Human settlement in the Netherlands

Den Osse is a hamlet in the municipality of Schouwen-Duiveland, in Zeeland, Netherlands. It is located on the Grevelingen between Scharendijke and Brouwershaven and is the northernmost place of Zeeland.

Den Osse is not a statistical entity but it has its own place name signs. The postal authorities have placed it under Brouwershaven. There are only about 15 houses for permanent residence. Den Osse had become a holiday resort and marina. It has multiple holiday parks including a former Landal Greenpark.

Den Osse is a popular diving location known for having dahlia anemones.

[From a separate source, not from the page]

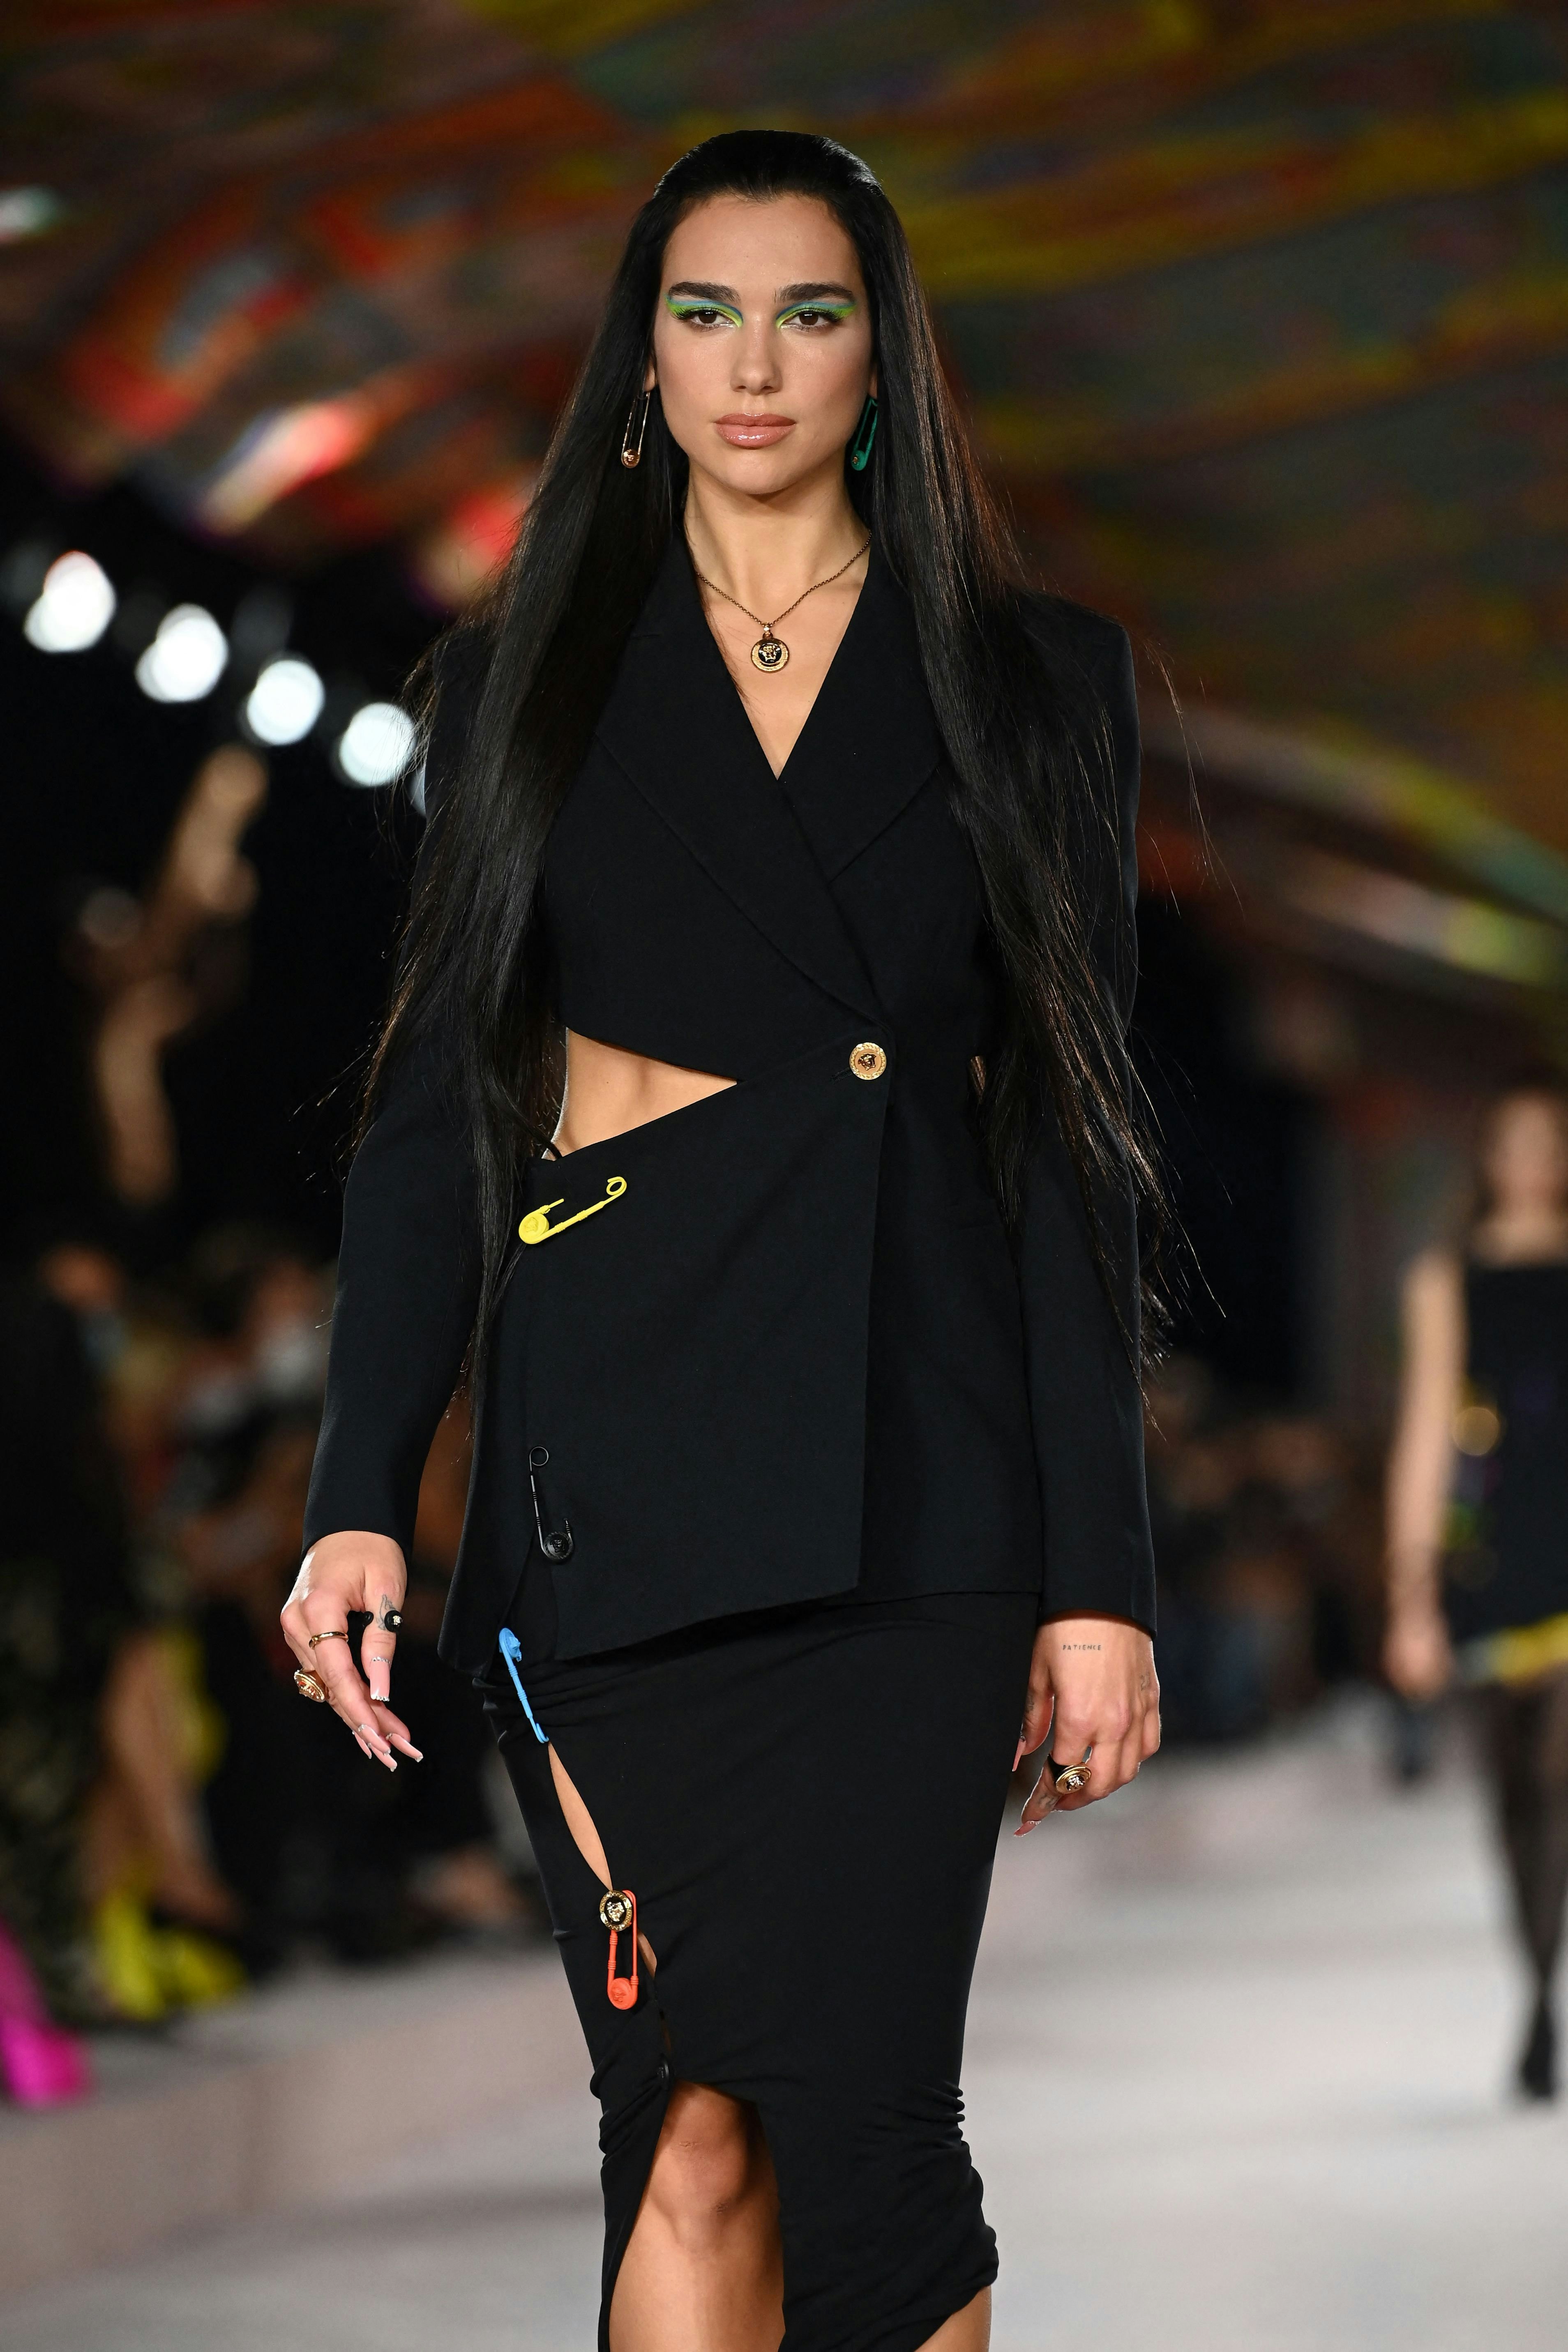 Dua Lipa Makes Her Runway Debut at Versace in a Safety Pin Dress
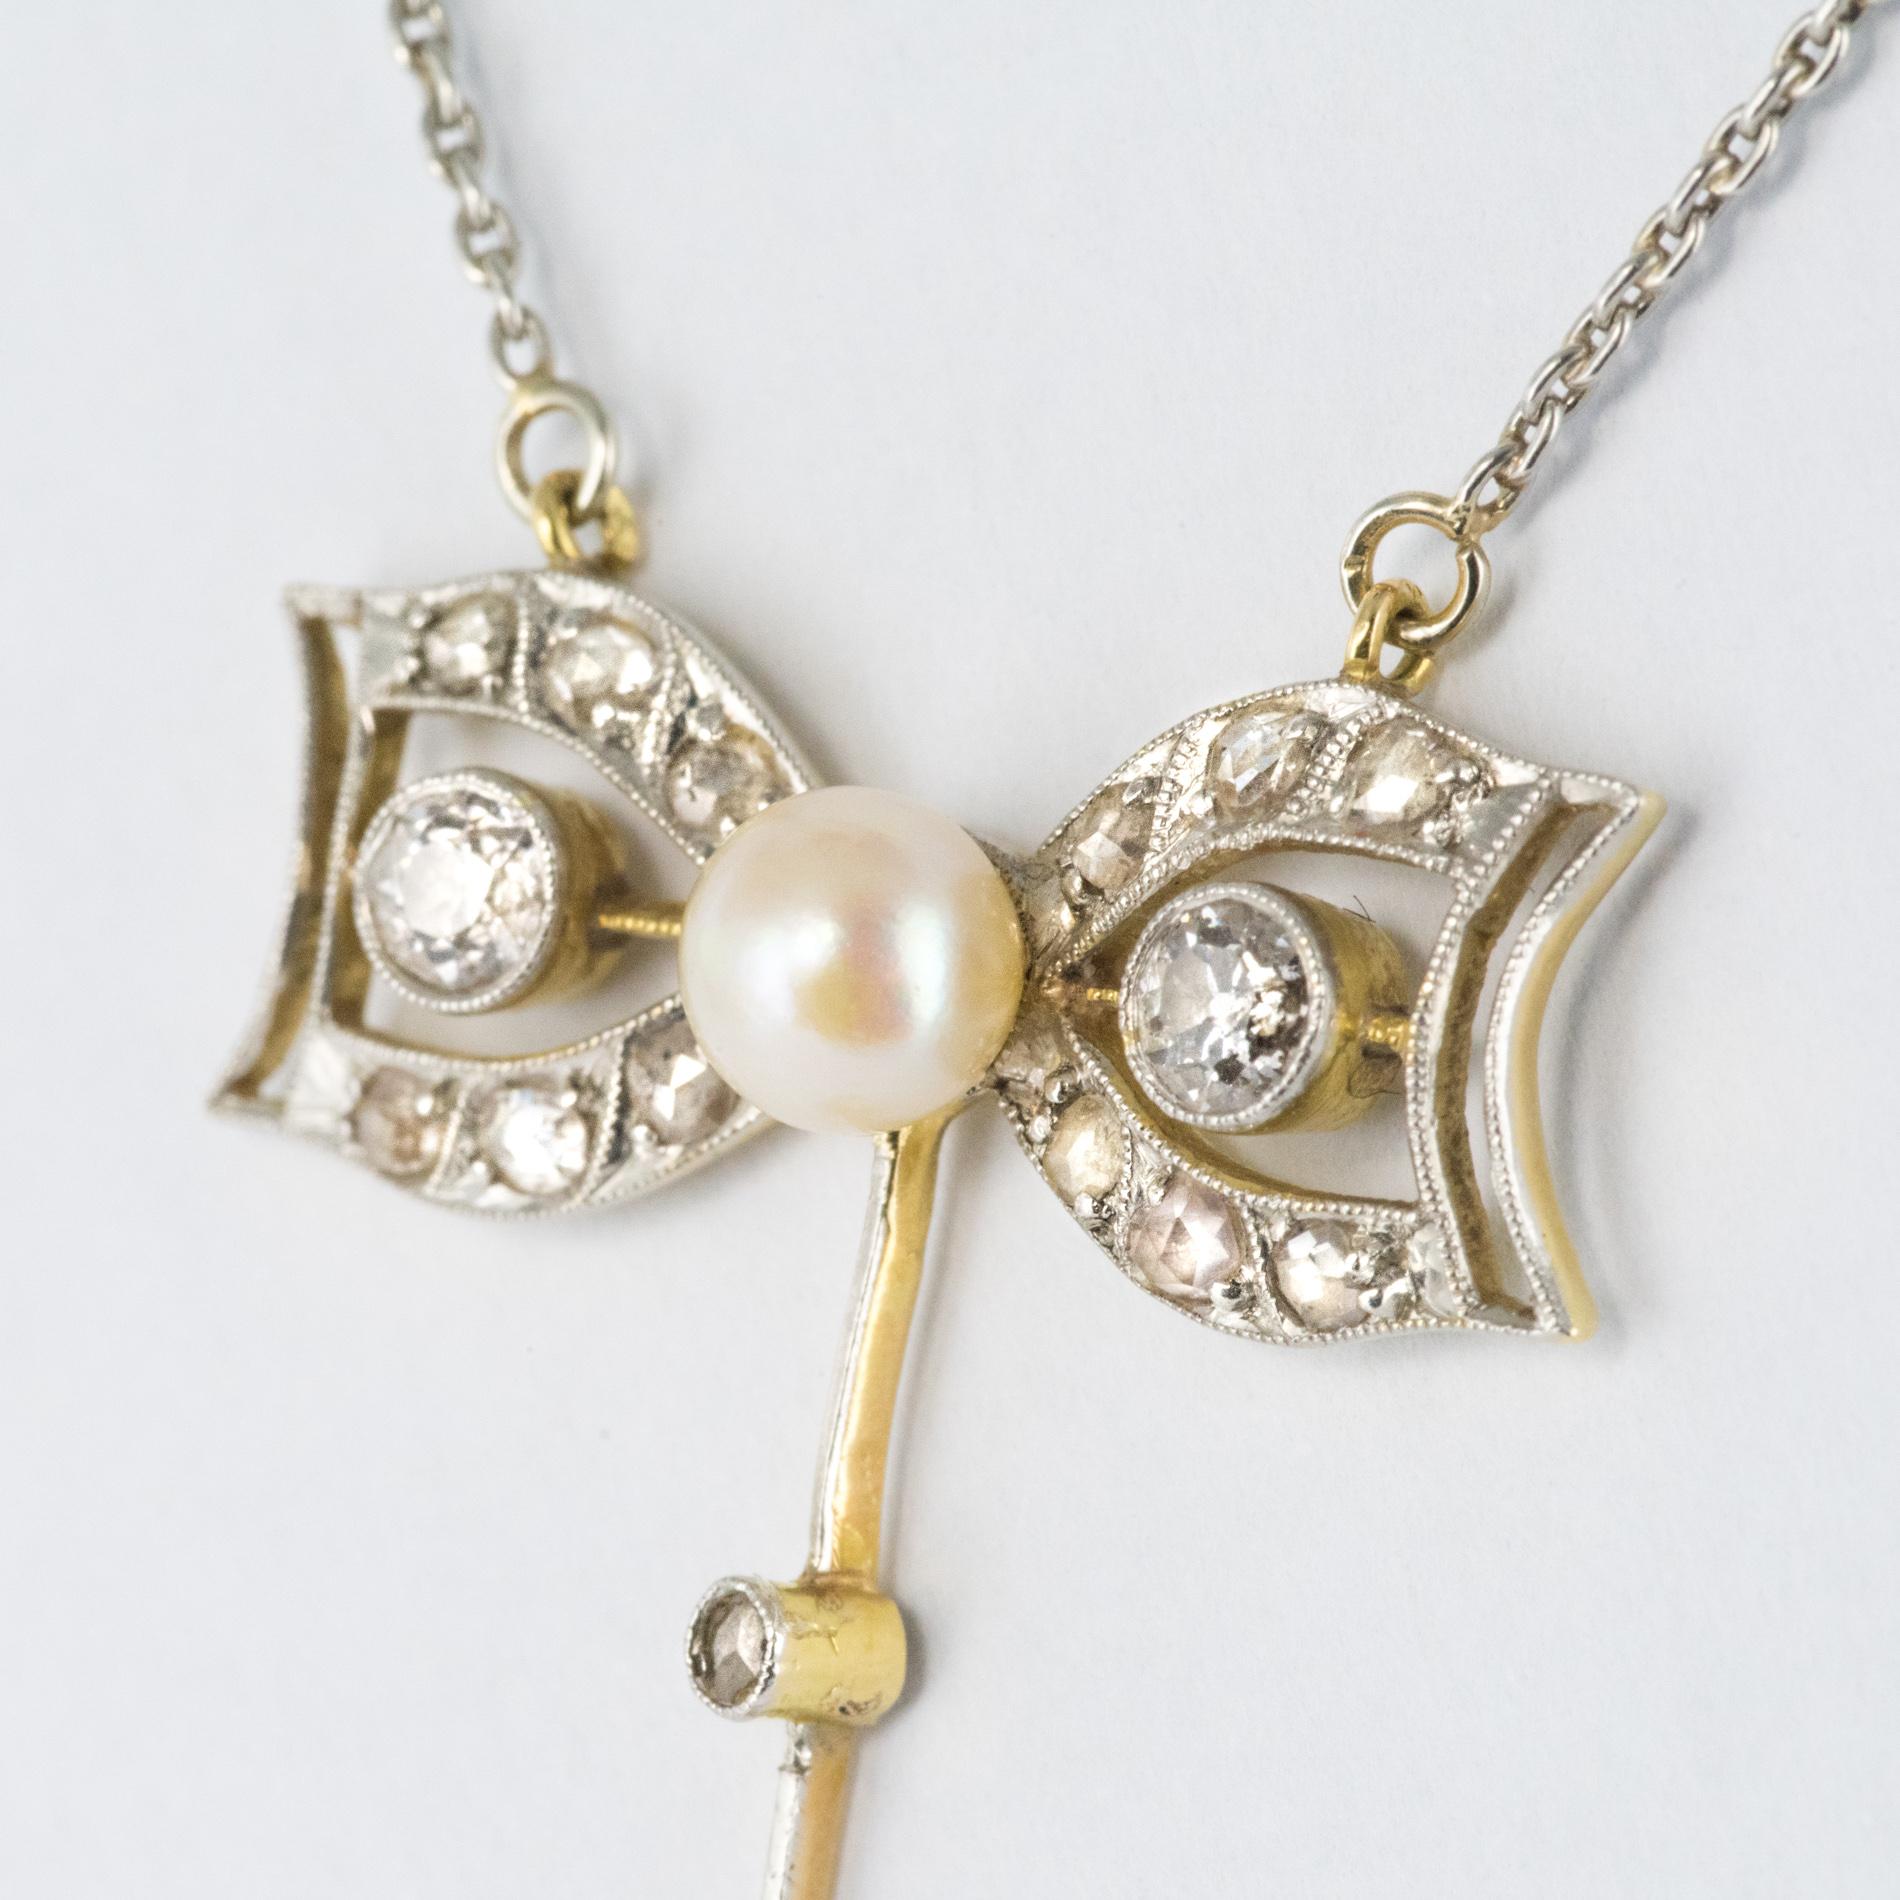 Women's 1920s French Belle Epoque Diamond Cultured Pearl Gold Pendant Necklace

The hamlet has its own harbour including a jetty for Dutch Navy vessels, used for diving trainings.

==History==
Den Osse was first visible on a map of 1636 as "Osse Steert", after the name of an inn.

The place belonged to Klaaskinderkerke in the past. When that municipality was abolished in 1813, it became, also like Brijdorpe and Looperskapelle, part of Duivendijke.

Den Osse was flooded during the North Sea flood of 1953. Due to the flood the village shrank because destroyed houses were demolished and not rebuilt. At the parking lot of the diving site on the Nieuwe Kerkweg is a sign commemorating the shrinkage.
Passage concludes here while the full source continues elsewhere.